Ogni giorno che passa si delinea più nettamente il modello istituzionale verso cui ci stanno conducendo con i loro accordi segreti Berlusconi e Renzi.
L'insistenza con cui si ripete la priorità della individuazione immediata del vincitore 'la sera delle elezioni' sottintende l'indifferenza per la sua reale rappresentatività, che infatti può anche essere assai lontana dalla maggioranza degli elettori. Ne è la riprova il trionfalismo renziano per una vittoria alle europee che in termini assoluti gli assegna poco più del 20% dell'elettorato, ma la maggioranza assoluta della Camera.
Inoltre il 'modello' prevede un duello fra due leader, non il confronto fra idee e programmi diversi, che si presumono frutto della stessa logica (e in particolare della 'legge del mercato') e a cui comunque nessuno si sente vincolato.
Come dimostra la pretesa di interpretare il voto per il Parlamento europeo come una legittimazione, per esempio, dello stravolgimento della Costituzione, su cui i cittadini non si sono mai espressi. O anche l'accordo con Berlusconi dopo una campagna elettorale giocata nel 2013 sulla alternativa.
Ma nel nuovo modello il il vincitore non deve essere 'oppresso' da formalità e regole che possano in qualche modo limitarne i poteri. Deve quindi trascinare con sé una maggioranza ampia, che gli consenta di governare per l'intera legislatura e, soprattutto, deve essere cancellata l'autonomia di tutti gli organismi 'terzi' di controllo e garanzia. A partire dalla Corte Costituzionale, dal CSM e dalla Presidenza della Repubblica, salvo che si voglia passare alla elezione diretta del Capo dello Stato e fare del Presidente del Consiglio solo una figura meramente esecutiva.
Il ritorno alla centralizzazione delle competenze attualmente affidate alle Regioni e la compressione del potere dei cittadini di scegliersi gli amministratori locali con la 'riforma' delle province è in questo senso coerente.
Ogni giorno altre tessere, anche con motivazioni talvolta condivisibili, si aggiungono a completare il mosaico: il discredito dei vari soggetti attraverso i quali i cittadini esprimono la loro volontà nel corso della legislatura, come il sindacato; la cancellazione dell'articolo 67 Cost. che garantisce l'autonomia di giudizio dei parlamentari; l'attacco alla indipendenza della Magistratura; il tentativo di ridicolizzare (i 'professoroni', i 'gufi' ….) il dissenso derivante dal rifiuto motivato del 'pensiero unico' ossessivamente riprodotto da collaboratori, famigli e giornalisti compiacenti.

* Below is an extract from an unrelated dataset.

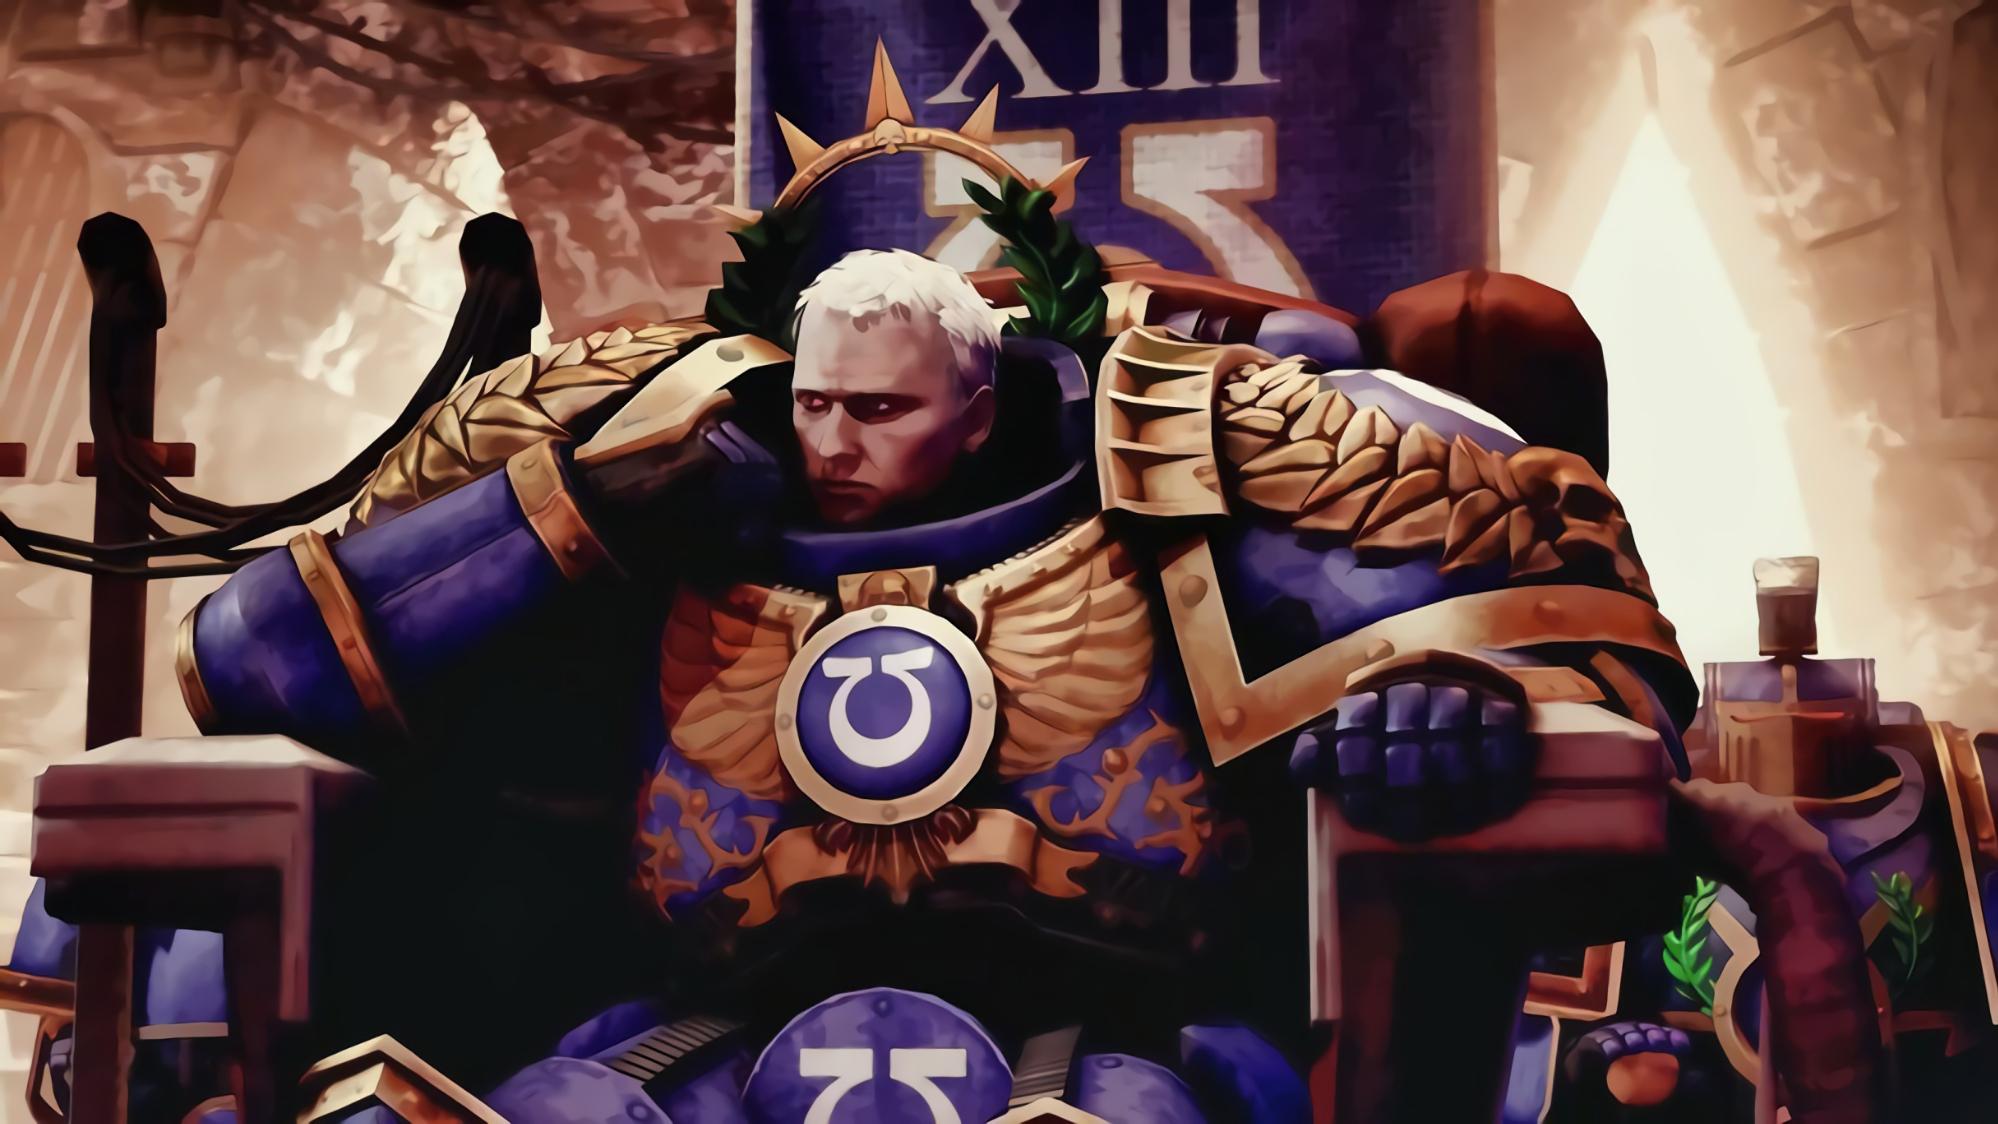 【达奇】他改变了帝国 天堂之战与第二帝国 《战锤40K》背后的故事

Mentre si sono perse le tracce dei provvedimenti possibili che riavvicinerebbero il nostro Paese alle grandi democrazie: divieto del conflitto di interessi e di posizioni dominanti nel settore della informazione, cancellazione delle leggi ad personam (per esempio sulla prescrizione giudiziaria), norme efficaci contro l'evasione e l'elusione fiscale, ecc …
Nei giorni scorsi Nadia Urbinati ha dato una efficacissima sintesi di questo schema, spiegando che le 'riforme' che l'attuale vera maggioranza (PD-Forza Italia, per intenderci) sta cercando di imporre sono figlie della idea che il cittadino debba essere solo l'arbitro del confronto politico, e non il protagonista. Certo è previsto che la formalità del voto rimanga, ma l'elettore avrebbe solo il potere di esprimere un giudizio a posteriori dell'operato del governo; un po' come il pubblico di uno spettacolo teatrale, che può applaudire o fischiare, ma non sale mai sul palcoscenico. E soprattutto non vede tutto ciò che accade dietro le quinte, ma solo ciò che altri decidono che veda. Come sta accadendo, appunto, degli accordi raggiunti al 'Nazareno' col pregiudicato padrone di Mediaset e Forza Italia, di cui sappiamo ben poco, anche se vengono continuamente richiamati come se fossero vincolanti. O dei colloqui per il trattato TTIP Usa-Europa, altrettanto opachi.
Ma la democrazia non è una recita: proprio in questa fase di grande difficoltà, di decisioni che richiedono un consenso che supera gli stessi confini nazionali (pensiamo all'ambiente, all'energia, ai grandi flussi migratori …) e della affermazione di rigurgiti nazionalisti, pensare di riportare indietro la storia agli inizi del secolo scorso cancellando le conquiste dei diritti di autodeterminazione e solidarietà è, oltre che sbagliato, pericoloso.